Significantly, China is a member of the Nuclear Suppliers Group which ha assumed much importance in the eyes of India in view of its nuclear deal with the United States. And without openly and explicitly endorsing the deal, Hu has hinted opening the doors of nuclear cooperation for India. Somehow an impression was created in India that China, because of its closer association with Pakistan, was hostile to the Indo-US deal. But Hu has displayed Beijing's flexibility and pragmatism from which Indian diplomats can learn a lesson or two.
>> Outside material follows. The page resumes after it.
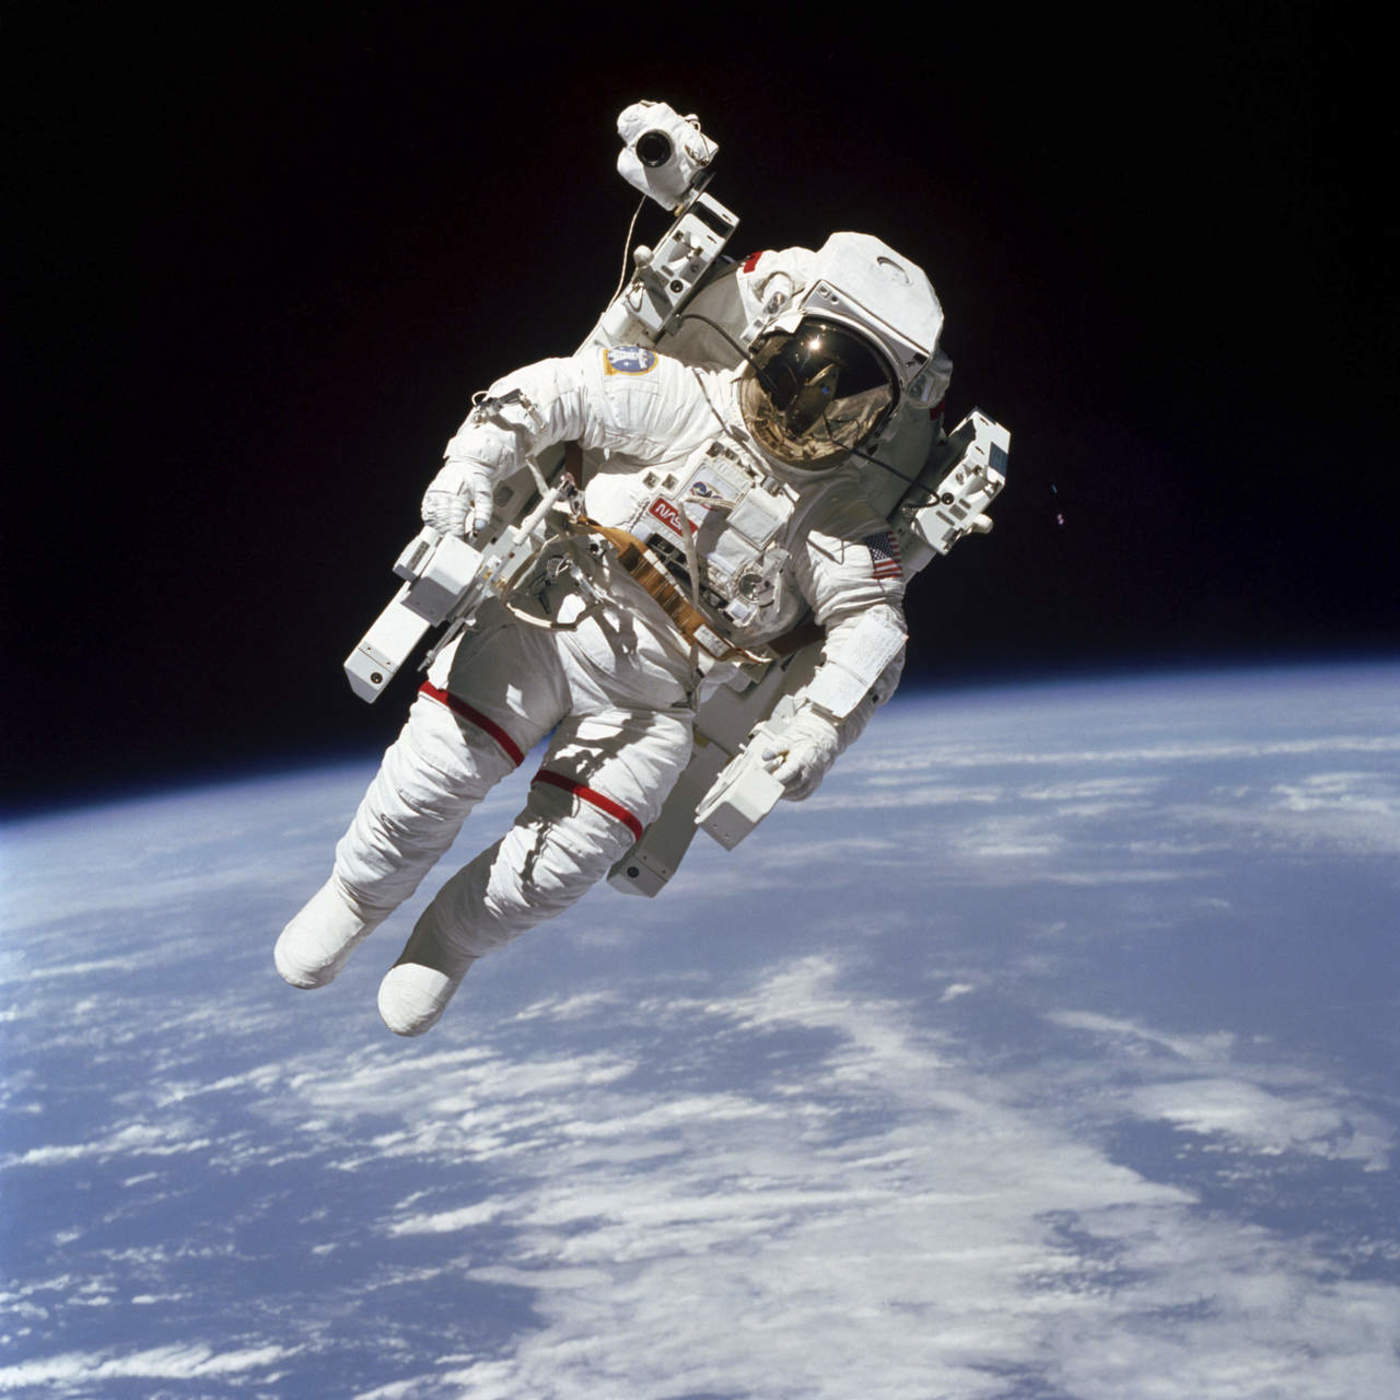 Primera caminata en el espacio cumplió 35 años

Whatever geopolitical compulsions may be forcing China to make friends with Pakistan ( and indeed, doesn't India too honestly want closer friendly ties with Pakistan?), the former is pragmatic enough to acknowledge the size and importance of the Indian market. And why not? Indo-US nuclear deal is likely to generate a business of nearly 100 billion dollars for the Nuclear Suppliers Group. Beijing can have legitimate hopes of competing for a share in it. Pragmatism pays. And the market can truly act as a greasing agent in smoothening diplomatic relationships. History might record that this apparently low-key visit of the Chinese President proved far more critical and fruitful.